◆ WORK TO COMPLETE ◆
Return the data below exactly, minus the pictures.

◆ GIVEN INFORMATION ◆
________________________
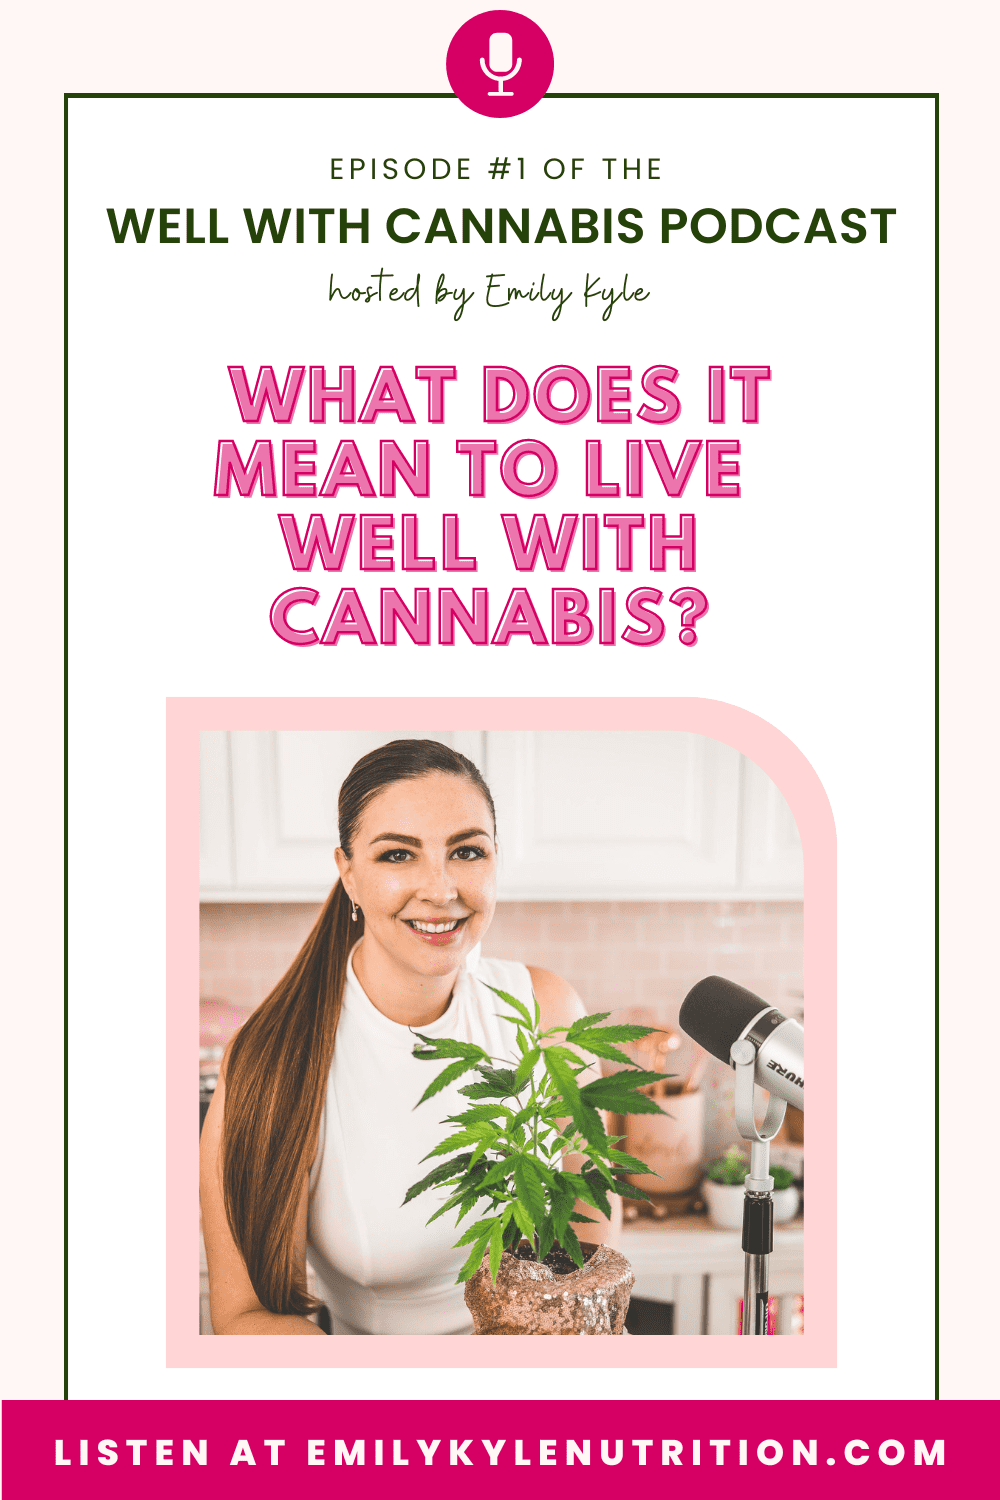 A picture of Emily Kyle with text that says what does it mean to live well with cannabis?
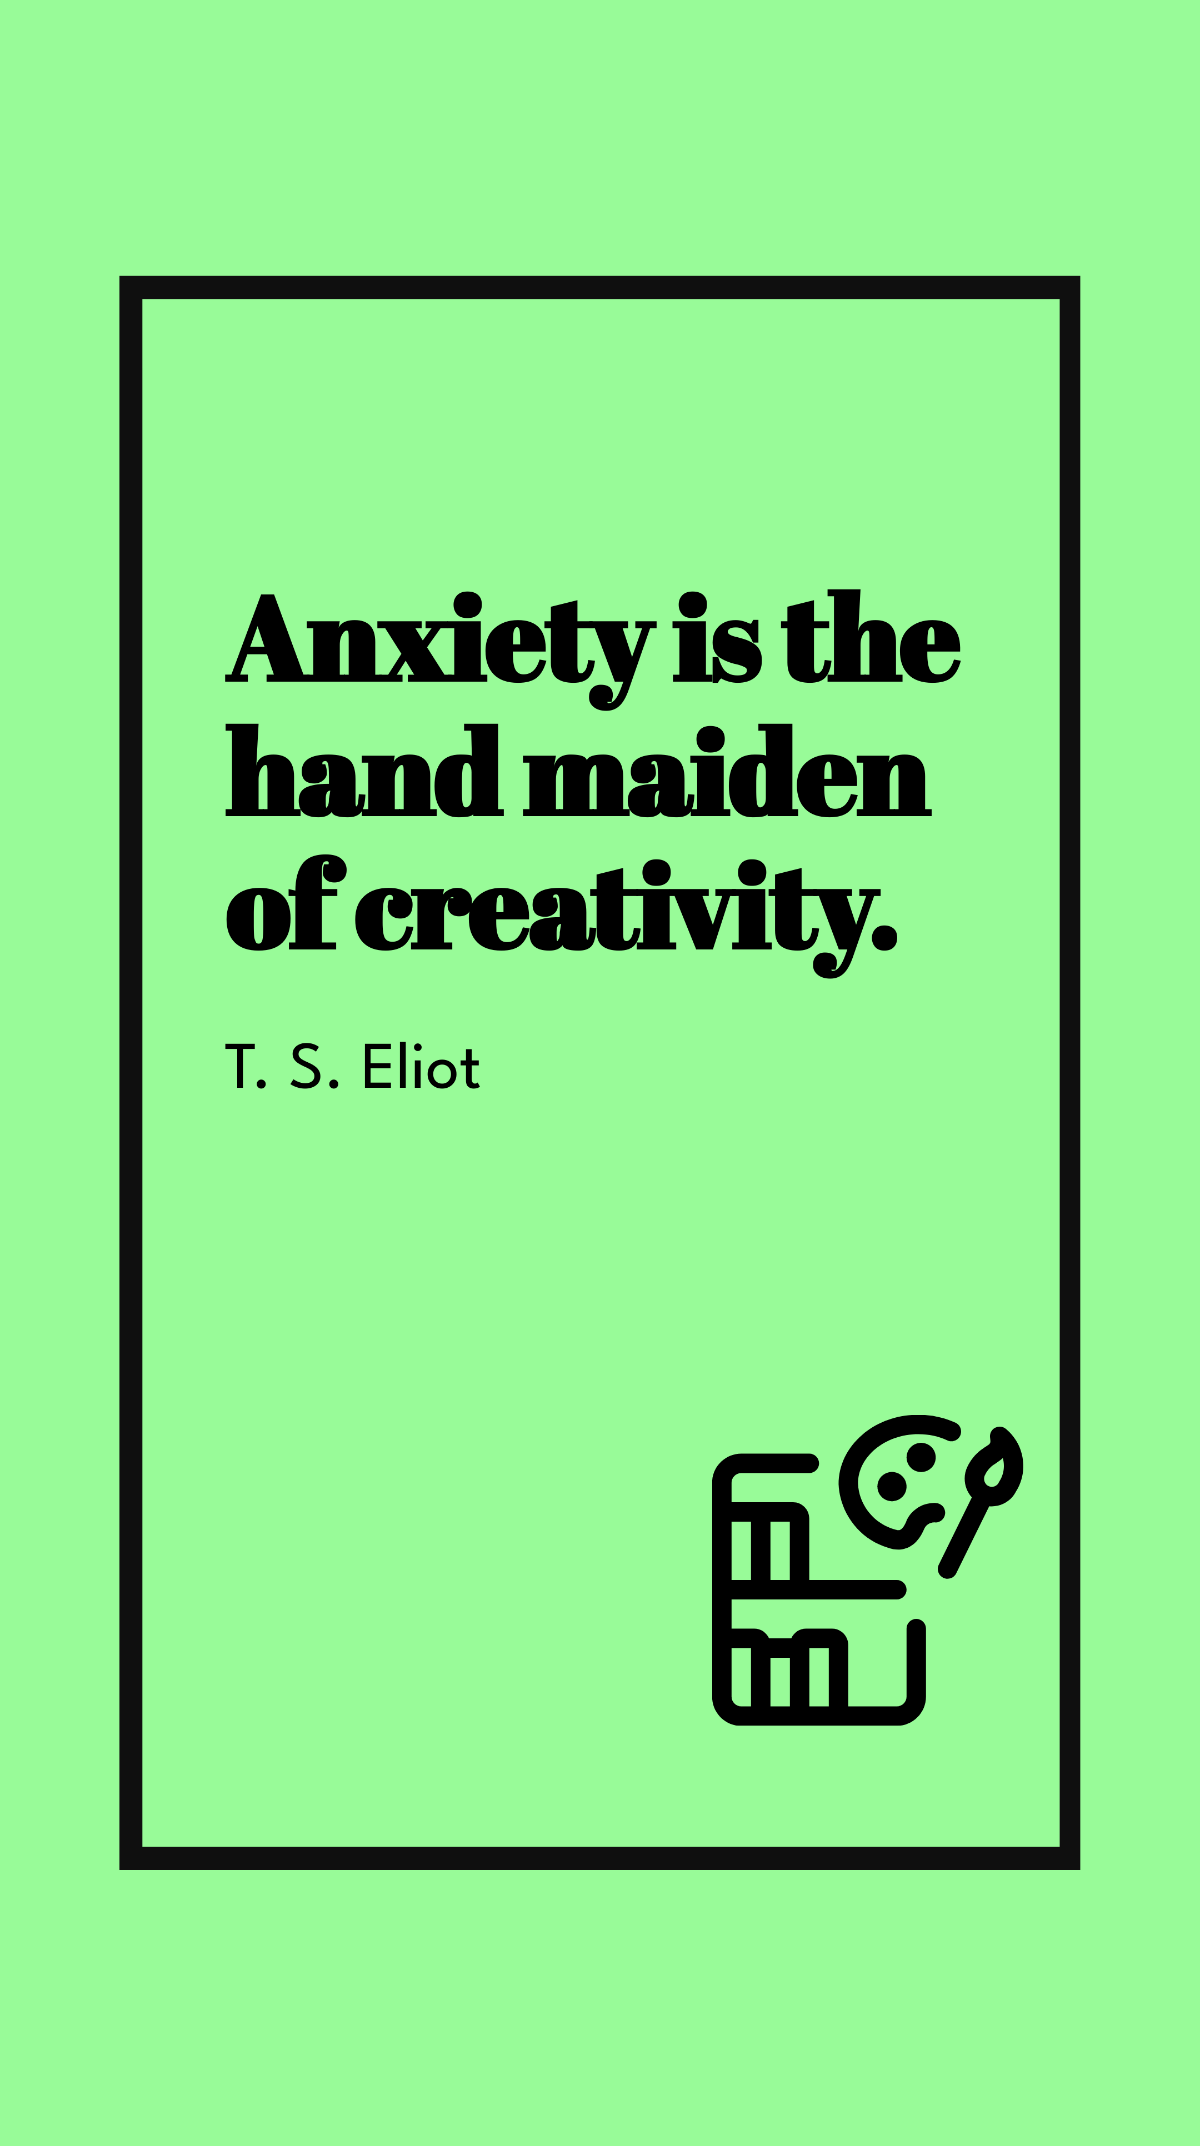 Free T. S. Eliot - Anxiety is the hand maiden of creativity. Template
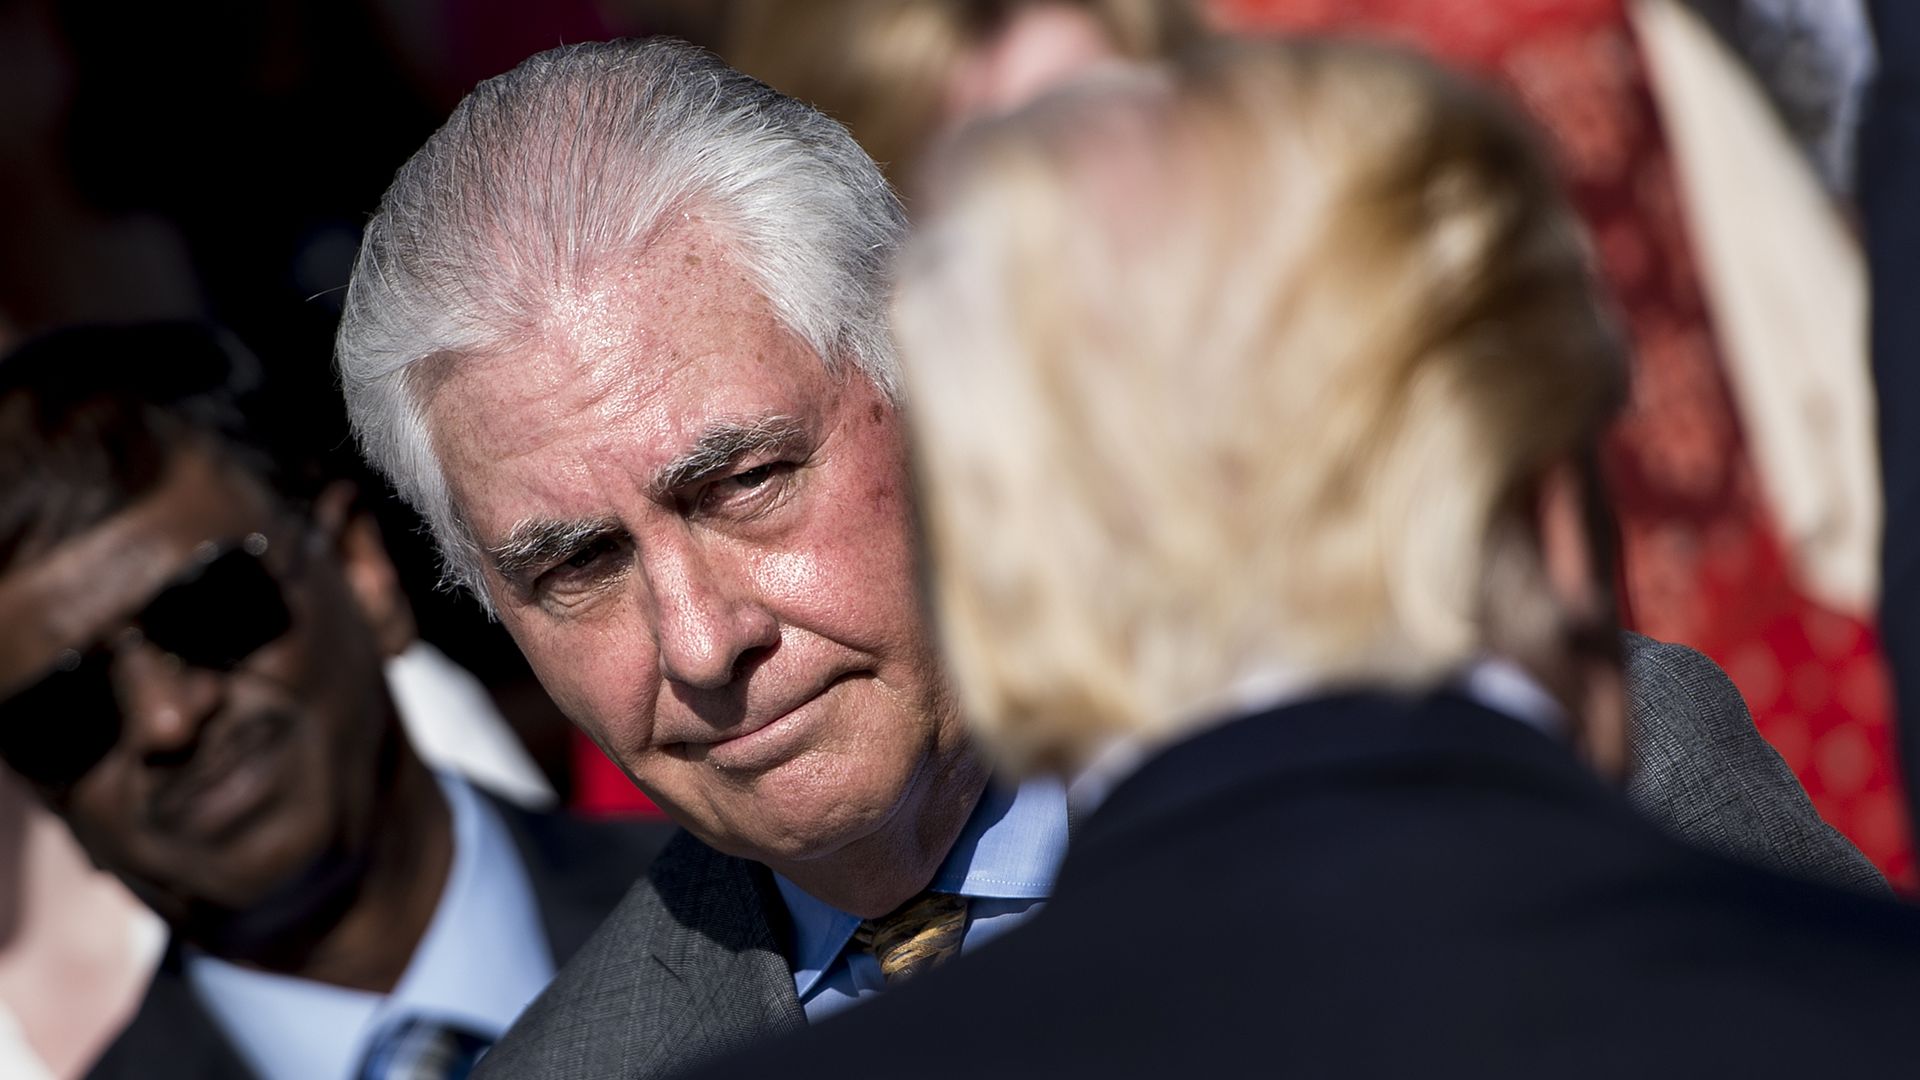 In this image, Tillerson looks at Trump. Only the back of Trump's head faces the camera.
________________________
◆ TASK SOLUTION ◆
 A picture of Emily Kyle with text that says what does it mean to live well with cannabis?
 Free T. S. Eliot - Anxiety is the hand maiden of creativity. Template
 In this image, Tillerson looks at Trump. Only the back of Trump's head faces the camera.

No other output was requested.